## Data
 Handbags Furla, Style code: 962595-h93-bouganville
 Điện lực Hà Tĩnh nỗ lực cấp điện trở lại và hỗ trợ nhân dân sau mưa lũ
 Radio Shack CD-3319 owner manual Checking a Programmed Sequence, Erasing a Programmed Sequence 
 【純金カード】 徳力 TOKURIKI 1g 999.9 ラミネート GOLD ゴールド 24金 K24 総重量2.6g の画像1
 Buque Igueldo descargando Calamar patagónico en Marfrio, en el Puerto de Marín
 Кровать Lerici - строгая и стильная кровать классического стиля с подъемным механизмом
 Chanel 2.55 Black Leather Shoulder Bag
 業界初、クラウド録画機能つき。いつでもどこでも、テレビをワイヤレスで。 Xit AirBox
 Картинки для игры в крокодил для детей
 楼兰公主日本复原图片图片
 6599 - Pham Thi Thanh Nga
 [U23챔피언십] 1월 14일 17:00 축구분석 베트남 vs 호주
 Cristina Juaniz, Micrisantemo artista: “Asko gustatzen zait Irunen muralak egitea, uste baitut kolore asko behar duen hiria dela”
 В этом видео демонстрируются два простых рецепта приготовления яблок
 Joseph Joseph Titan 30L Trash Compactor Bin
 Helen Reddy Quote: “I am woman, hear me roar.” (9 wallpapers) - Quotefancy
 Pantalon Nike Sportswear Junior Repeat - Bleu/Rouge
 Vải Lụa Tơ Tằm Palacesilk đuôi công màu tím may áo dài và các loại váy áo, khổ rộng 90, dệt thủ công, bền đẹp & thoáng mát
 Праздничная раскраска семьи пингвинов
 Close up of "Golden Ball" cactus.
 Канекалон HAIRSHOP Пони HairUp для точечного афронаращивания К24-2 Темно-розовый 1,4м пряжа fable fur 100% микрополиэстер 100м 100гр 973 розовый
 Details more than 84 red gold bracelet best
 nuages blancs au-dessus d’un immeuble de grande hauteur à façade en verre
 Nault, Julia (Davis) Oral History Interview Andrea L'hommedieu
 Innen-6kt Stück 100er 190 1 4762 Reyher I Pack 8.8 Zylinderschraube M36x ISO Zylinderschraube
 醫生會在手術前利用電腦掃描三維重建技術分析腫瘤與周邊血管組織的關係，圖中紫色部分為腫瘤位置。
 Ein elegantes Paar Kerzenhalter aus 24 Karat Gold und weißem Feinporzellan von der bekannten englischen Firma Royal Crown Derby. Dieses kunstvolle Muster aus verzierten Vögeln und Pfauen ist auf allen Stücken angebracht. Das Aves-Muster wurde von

## About this exercise
Look above for the line with "Nault, Julia (Davis)" and the line with "醫生會在手術前利用電腦掃描三". Write out those two lines and all the lines between them, exactly, and no others.

## Output
 Nault, Julia (Davis) Oral History Interview Andrea L'hommedieu
 Innen-6kt Stück 100er 190 1 4762 Reyher I Pack 8.8 Zylinderschraube M36x ISO Zylinderschraube
 醫生會在手術前利用電腦掃描三維重建技術分析腫瘤與周邊血管組織的關係，圖中紫色部分為腫瘤位置。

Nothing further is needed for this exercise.